Chelameswar, branded as the ‘rebel’ judge of the apex court for publicly raising questions on the leadership of the CJI and administrative functioning of the institution, was being interviewed by renowned journalist and commentator Karan Thapar on the “Role of judiciary in a democracy" at an event organized by the Harvard Club of India.
On being questioned that despite a new system of allocation of cases being adopted, an important number of cases (Ayodhya land dispute, Aadhaar etc) were still being heard by CJI Misra’s court, Chelameswar said, “He is the ‘master of the roster’ and if he thinks he can handle all the cases himself, let him do it."
When asked to explain what the term “master of the roster’" meant to him, he said that undoubtedly the CJI has authority to allot cases to different benches but that must be exercised with responsibility. “It must be exercised for the public good and not because you have it," he said.

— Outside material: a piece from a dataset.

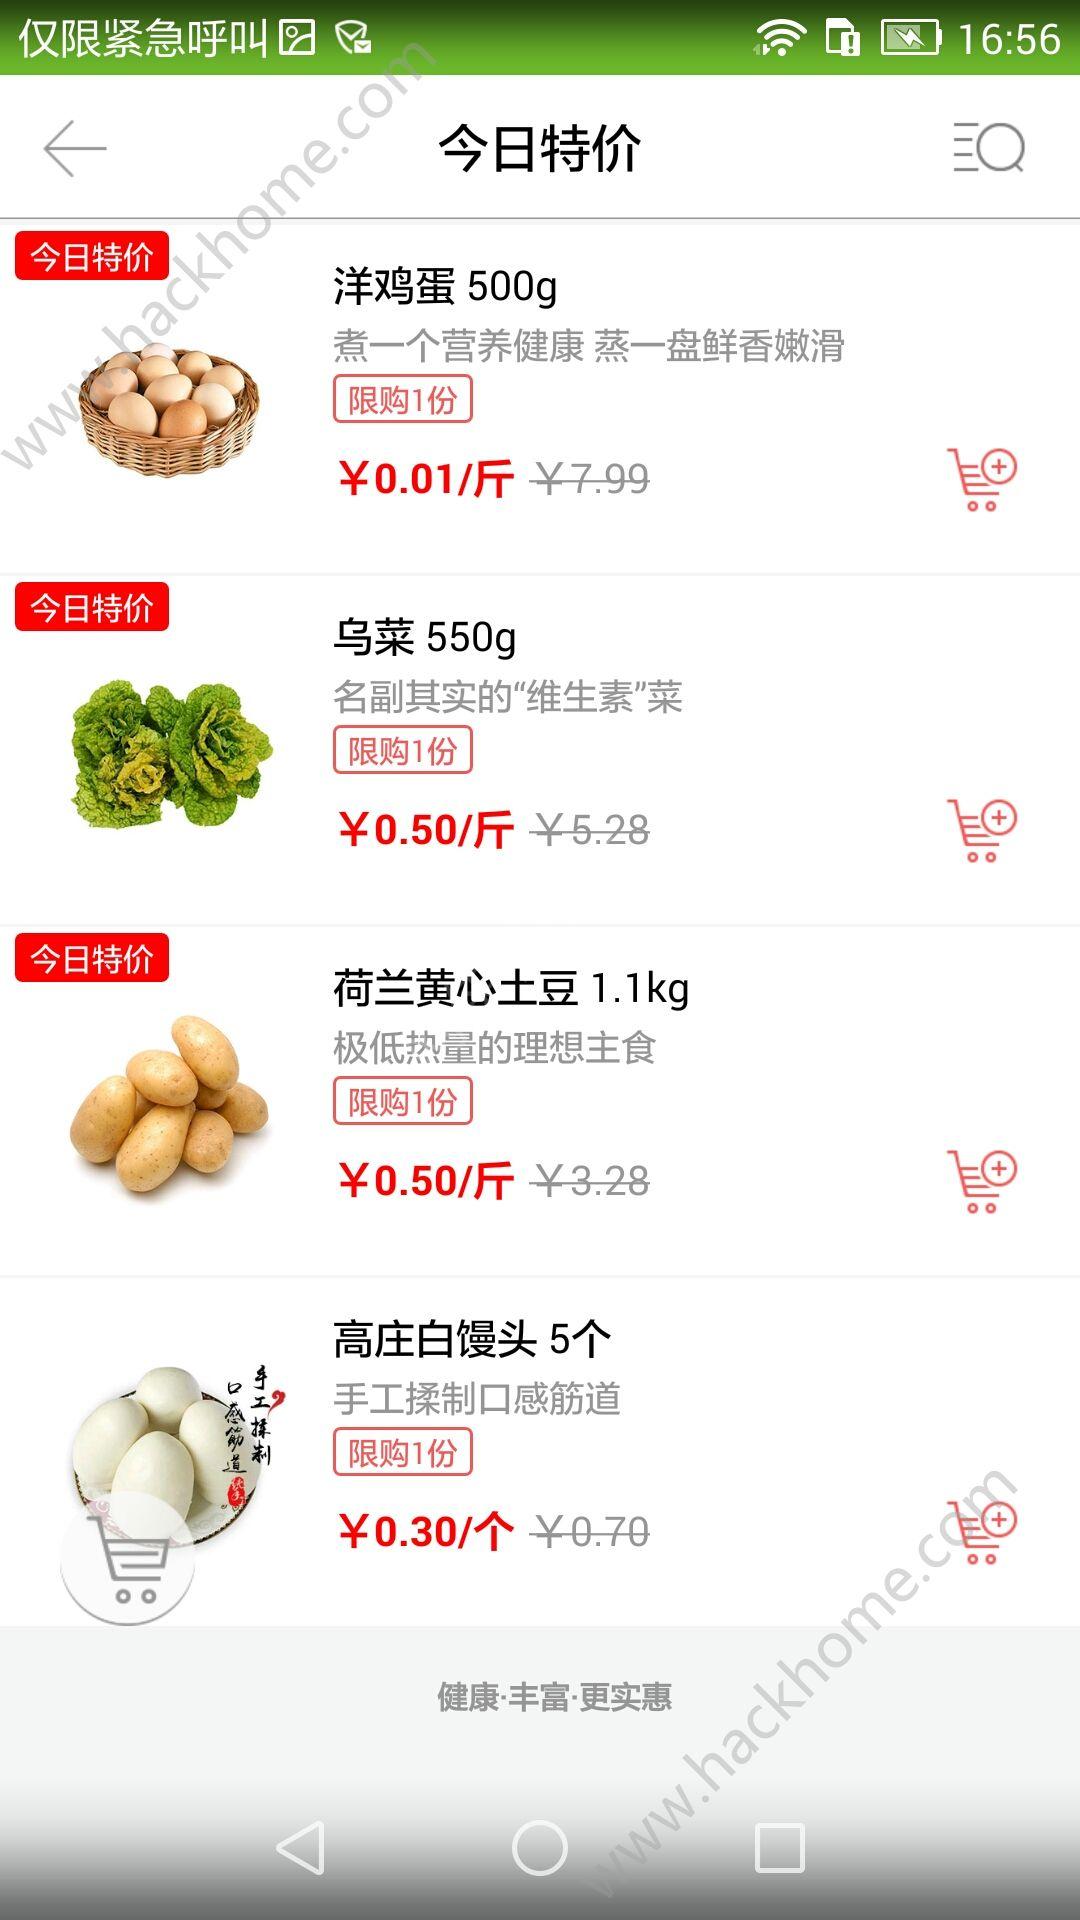 呆萝卜app测评:方便大众的综合生鲜购物平台[多图]图片1
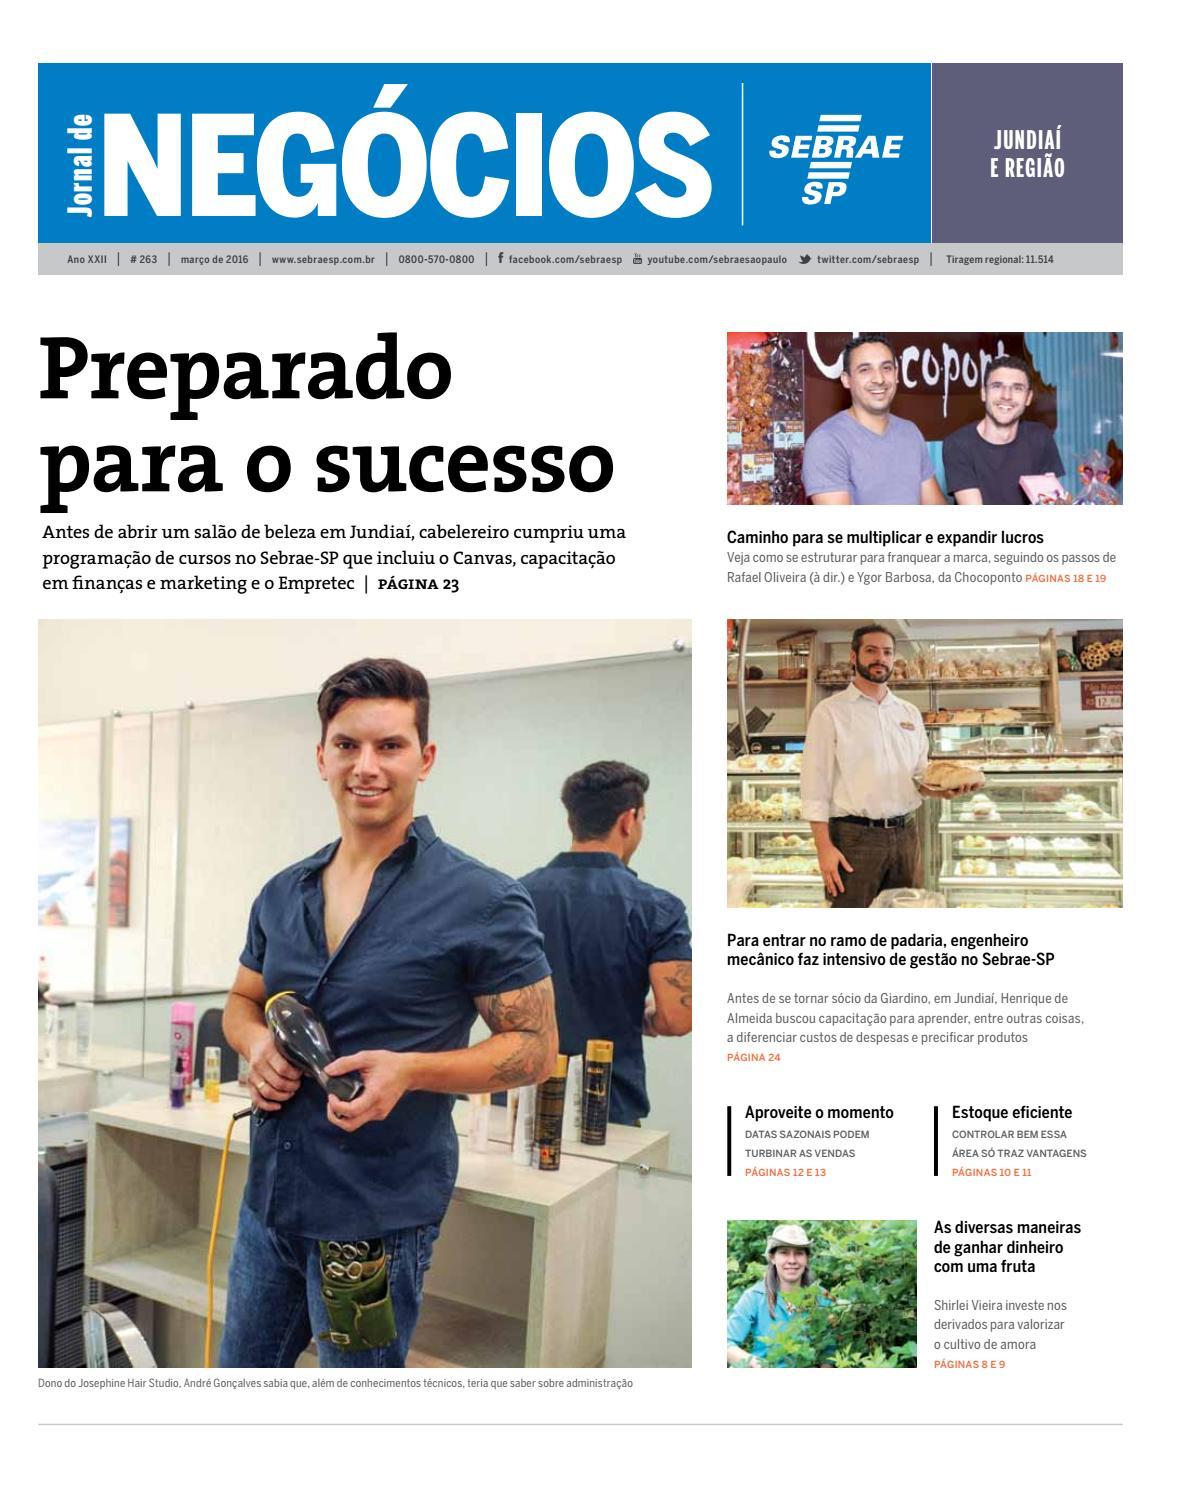 Jornal De Neg Cios Sebrae Sp 01 De Mar O De 2016 Jundiai E

The unprecedented judges’ conference also raised questions on whether justice Ranjan Gogoi’s participation, who is next in line for the post of the chief justice, would lead to his superseding. To this Chelameswar said, “I’m not an astrologer. I hope it does not happen but if it does then it will only prove that whatever we said in the press conference, was true."
He also said that he was not aware of the government writing back to the collegium proposing a screening mechanism for appointment of judges.
The judge was also in agreement with the need to have a transparent system involving audit of the judiciary.
On 12 January, in an unprecedented move, the four seniormost judges of the Supreme Court broke ranks and publicly questioned the leadership of CJI Dipak Misra. The four judges—Chelameswar, Ranjan Gogoi, Madan B. Lokur and Kurian Joseph—alleged that the chief justice was not following established precedents in allocation of cases among the judges.
The apex court has since been in turmoil with regards to its administrative process and has taken steps to resolve the problem.